---
id: "question-measuring-cognitive-friction"
type: "open-question"
source_timestamps: ["§ The Business Consequences of Non-Diversity in Agentic Teams"]
tags: ["metrics", "evaluation"]
related: ["concept-cognitive-friction", "claim-diversity-improves-performance"]
resolutionPath: "Development of new AI evaluation metrics that score multi-agent interactions on creativity, problem-solving speed, and reduction of correlated errors."
sources: ["agentic"]
sourceVaultSlug: "hbr-seg-agentic"
originDay: 6
articleStem: "hbr-new-28-agent-teams-different-models"
sourceUrl: "https://hbr.org/2026/06/the-strongest-teams-of-ai-agents-will-be-built-using-different-models"
sourceTitle: "The Strongest Teams of AI Agents Will Be Built Using Different Models"
---
# How can enterprises quantitatively measure 'cognitive friction' in AI teams?

**Open question.** While the article cites studies showing diverse agent teams perform ~25% better (see [[claim-diversity-improves-performance]]), it provides **no framework** for a standard enterprise to measure whether its *specific* mix of models is generating productive [[concept-cognitive-friction]] versus merely generating conflicting, unusable outputs.

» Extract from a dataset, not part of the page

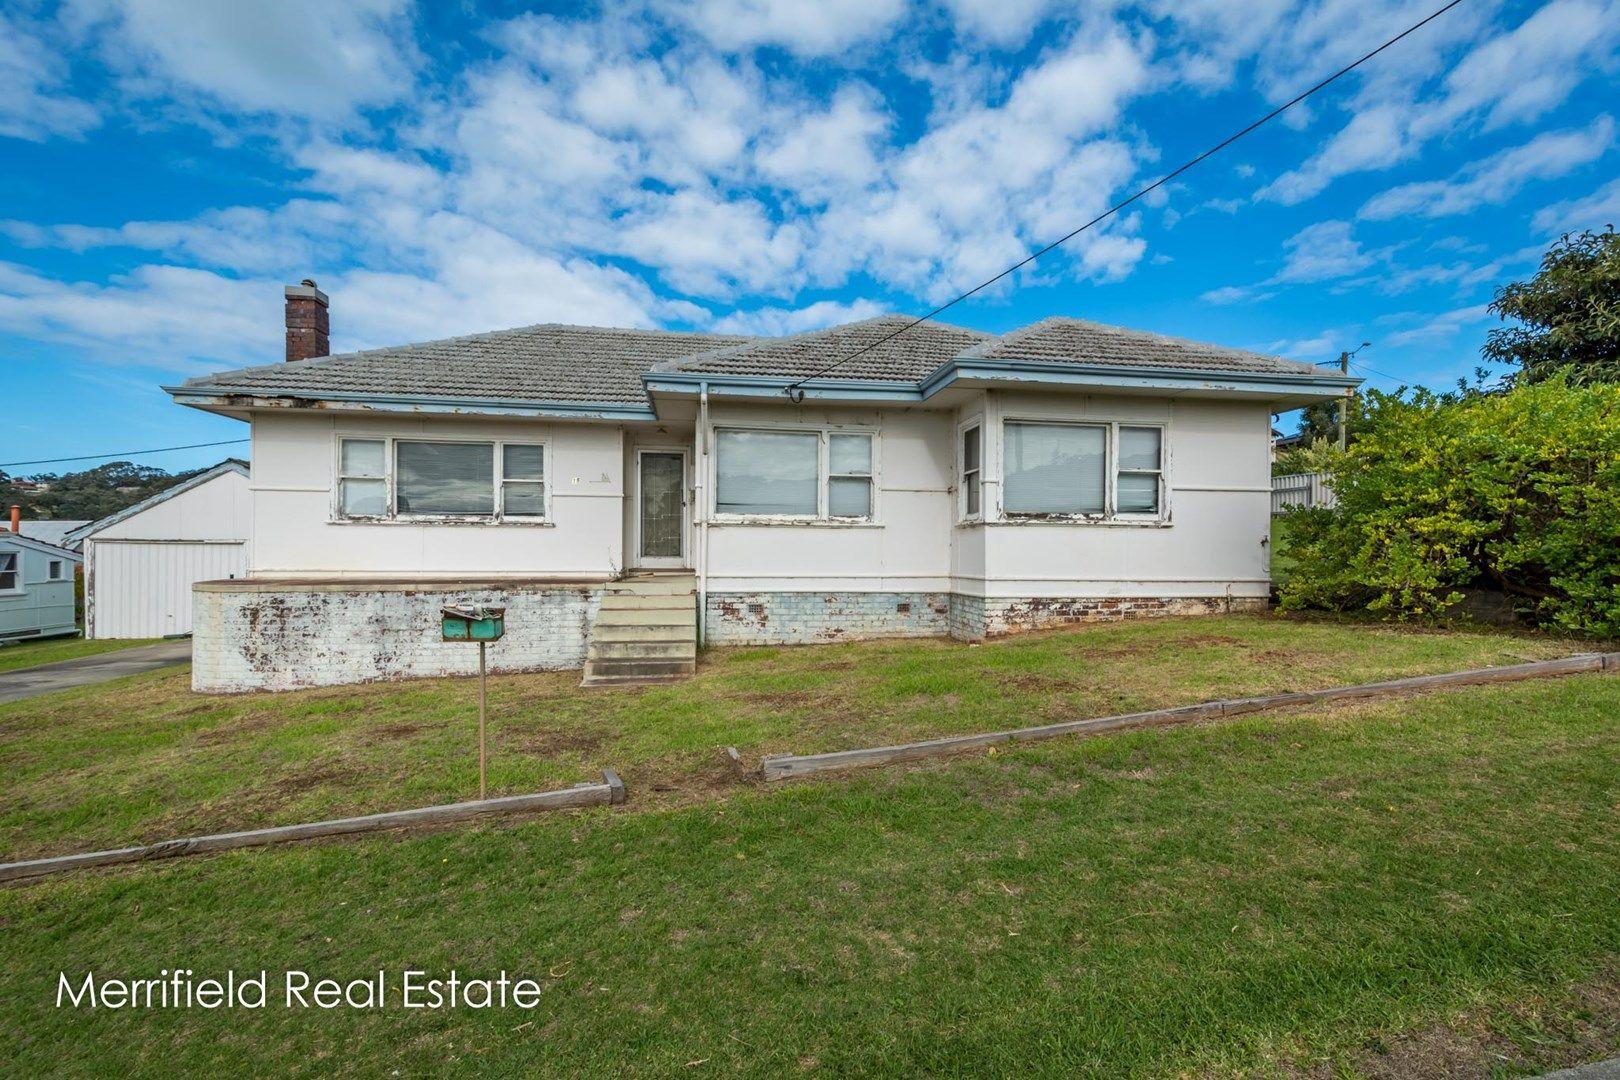 16-18 Alicia Street, Mount Melville WA 6330, Image 0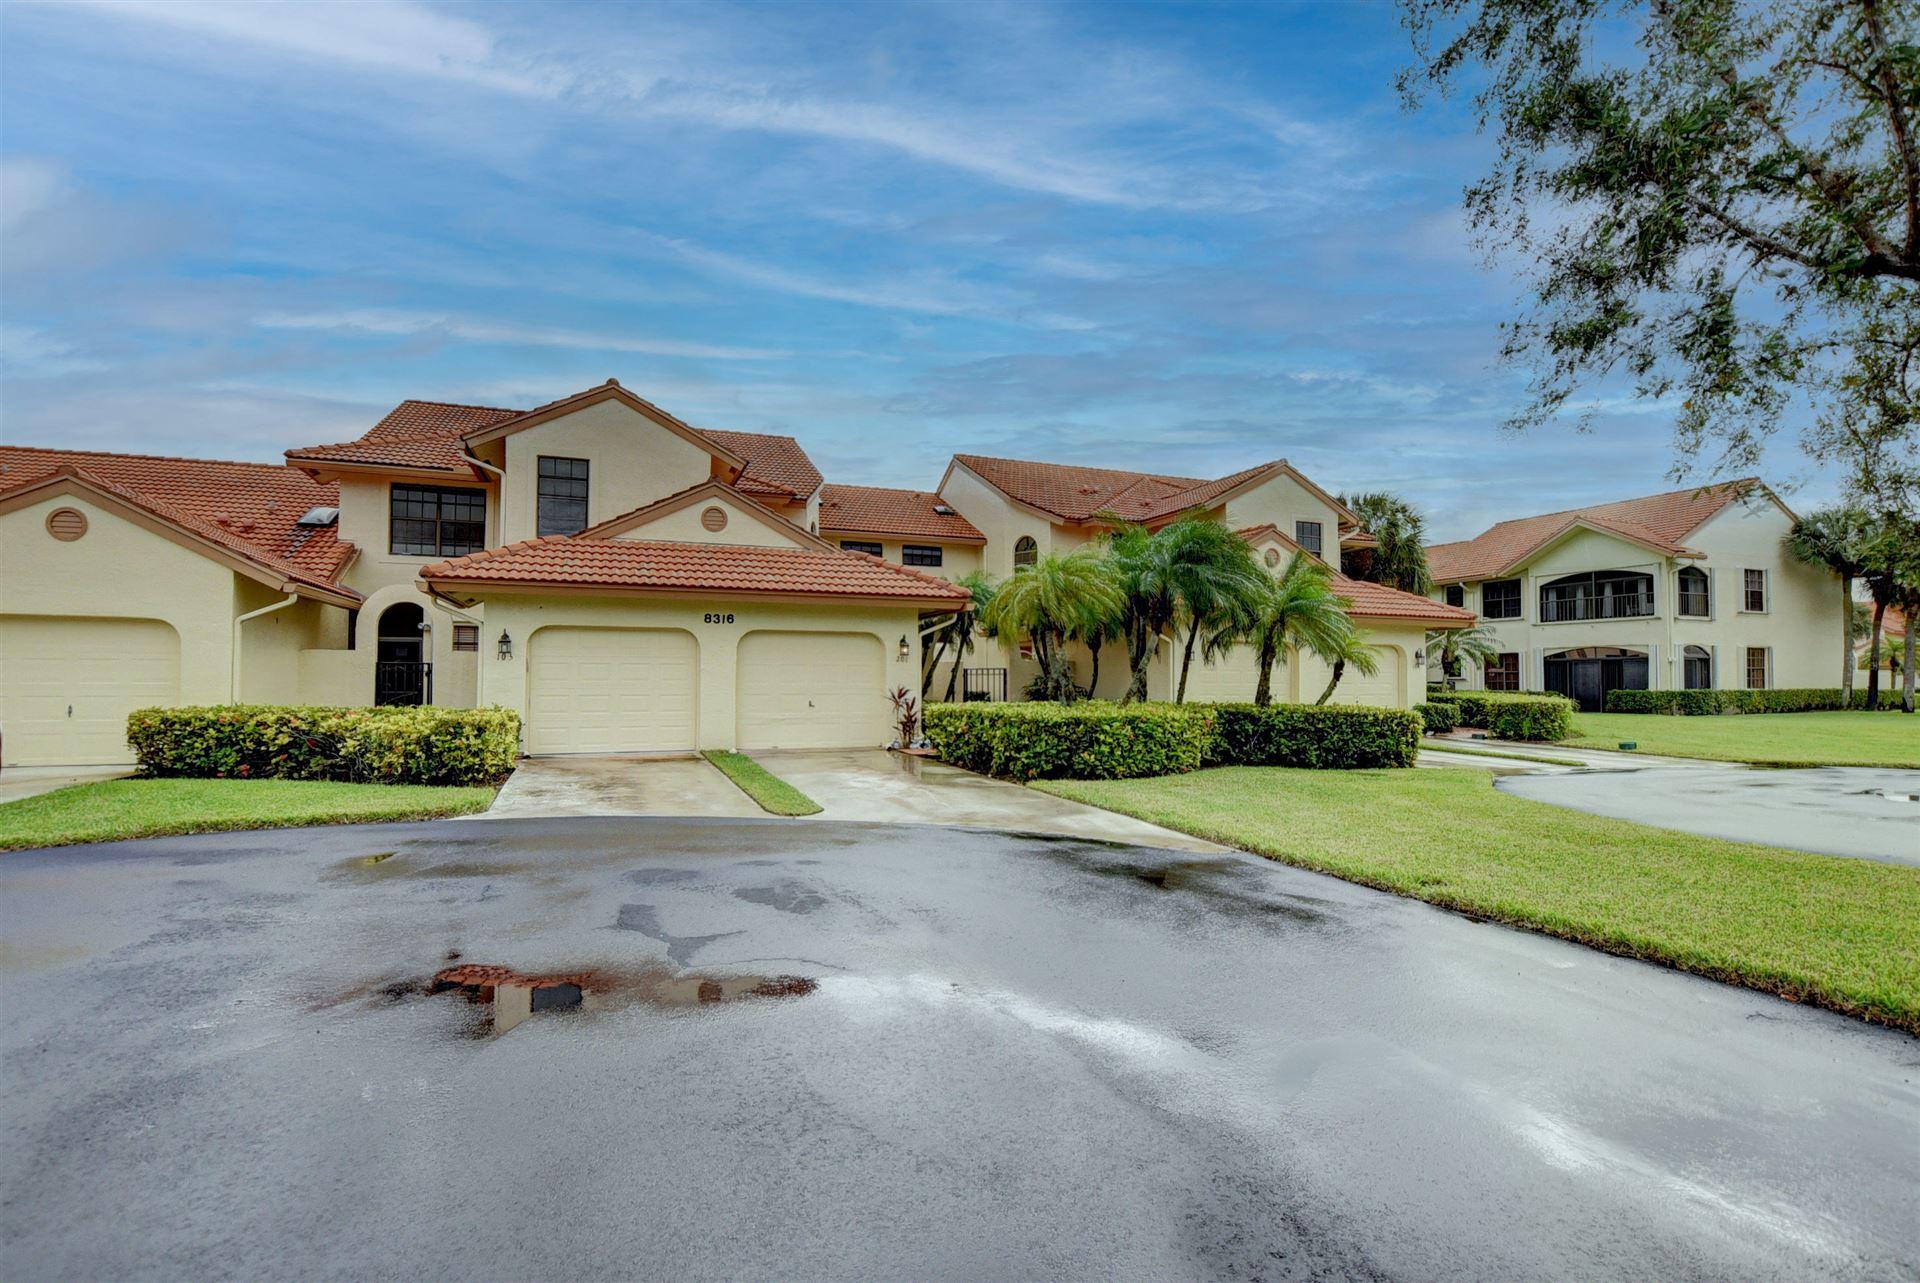 8316 Waterline Drive #201, Boynton Beach, FL 33472 - #: RX-10673130

**Resolution path:** Development of new AI evaluation metrics that score multi-agent interactions on **creativity, problem-solving speed, and reduction of correlated errors**.

**Enrichment note:** This gap maps onto active work in agent evaluation — Galileo, IBM, AWS, and ML Mastery describe metrics frameworks (task completion, tool usage, golden datasets, LLM-as-judge, human review), but none yet offer a standardized 'cognitive-friction' score. Structural diversity without rigorous evaluation may add complexity without guaranteed benefit, so this metric gap is consequential.